Avrebbe diffuso contenuti jihadisti e pro Isis, ma anche neonazisti e antisemiti, consultando materiale per la fabbricazione di ordigni esplosivi. Per questo un 16enne residente in provincia di Como è stato arrestato dalla Polizia di Stato con l'accusa di partecipazione ad associazione con finalità di terrorismo internazionale e propaganda e istigazione a delinquere per motivi di discriminazione razziale, etnica e religiosa. Il provvedimento è stato eseguito in provincia di Grosseto, dove il giovane si trovava in vacanza con la famiglia.
L'inchiesta, coordinata dalla Sezione antiterrorismo della Digos di Milano con il supporto della Digos di Como e del Servizio per il contrasto dell'estremismo esterno della Direzione centrale della Polizia di prevenzione, è nata da una segnalazione dell'Aisi (Agenzia informazioni e sicurezza interna).
Gli accertamenti hanno consentito agli investigatori di ricondurre al 16enne - incensurato e fino a quel momento ritenuto estraneo ad ambienti radicali - diversi profili attivi su una piattaforma di messaggistica, attraverso i quali venivano diffusi contenuti di propaganda jihadista, neonazista e antisemita.
Il giovane avrebbe usato frequentemente Vpn e altri strumenti per occultare la navigazione, accedendo a un noto sito di propaganda di Daesh. Nel corso di una perquisizione personale e informatica, sono stati trovati in suo possesso numerosi file sullo Stato Islamico, tradotti in diverse lingue, oltre a video e immagini di propaganda, materiale relativo a sessioni di addestramento, esecuzioni e contenuti di matrice suprematista e neonazista.
Nel pc sono emerse conversazioni nelle quali il 16enne avrebbe manifestato espressamente il proprio sostegno all'Isis, arrivando ad affermare di avere collaborato in passato alla realizzazione di contenuti di propaganda dell'organizzazione terroristica. Gli investigatori hanno inoltre trovato un video in lingua russa, con il logo dello Stato Islamico, dedicato alla fabbricazione di un ordigno esplosivo attraverso materiali di facile reperibilità.

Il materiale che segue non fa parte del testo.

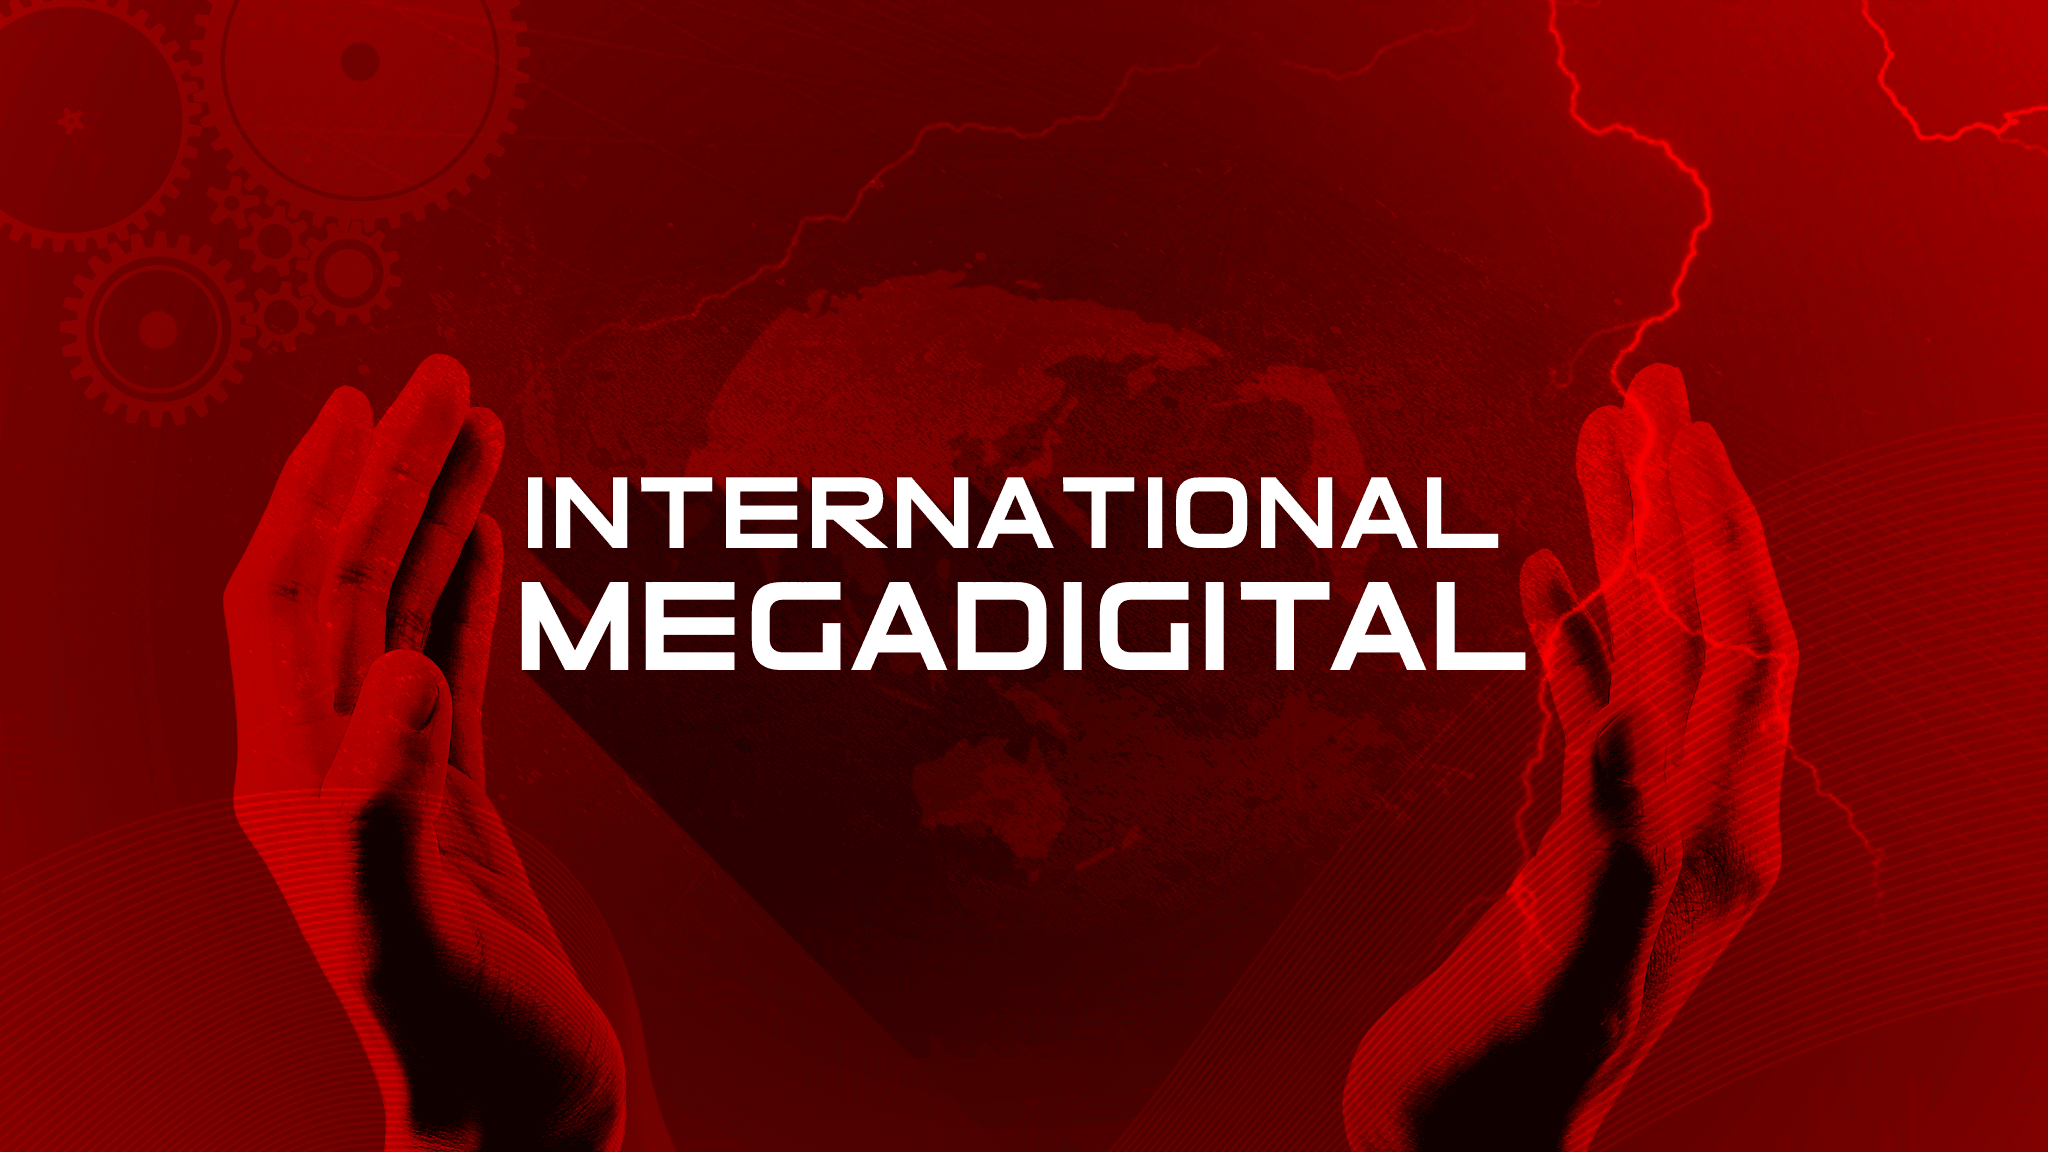 International_Megadigital 横幅

Elementi che hanno indotto la Procura per i minorenni di Milano a parlare, per il giovane, di "avanzato stadio del percorso di radicalizzazione". Il gip ne ha convalidato il fermo e disposto la custodia cautelare in carcere. "La fondatezza delle ipotesi accusatorie saranno oggetto di giudizio", precisano gli investigatori. Vale pertanto nei suoi confronti la presunzione d'innocenza.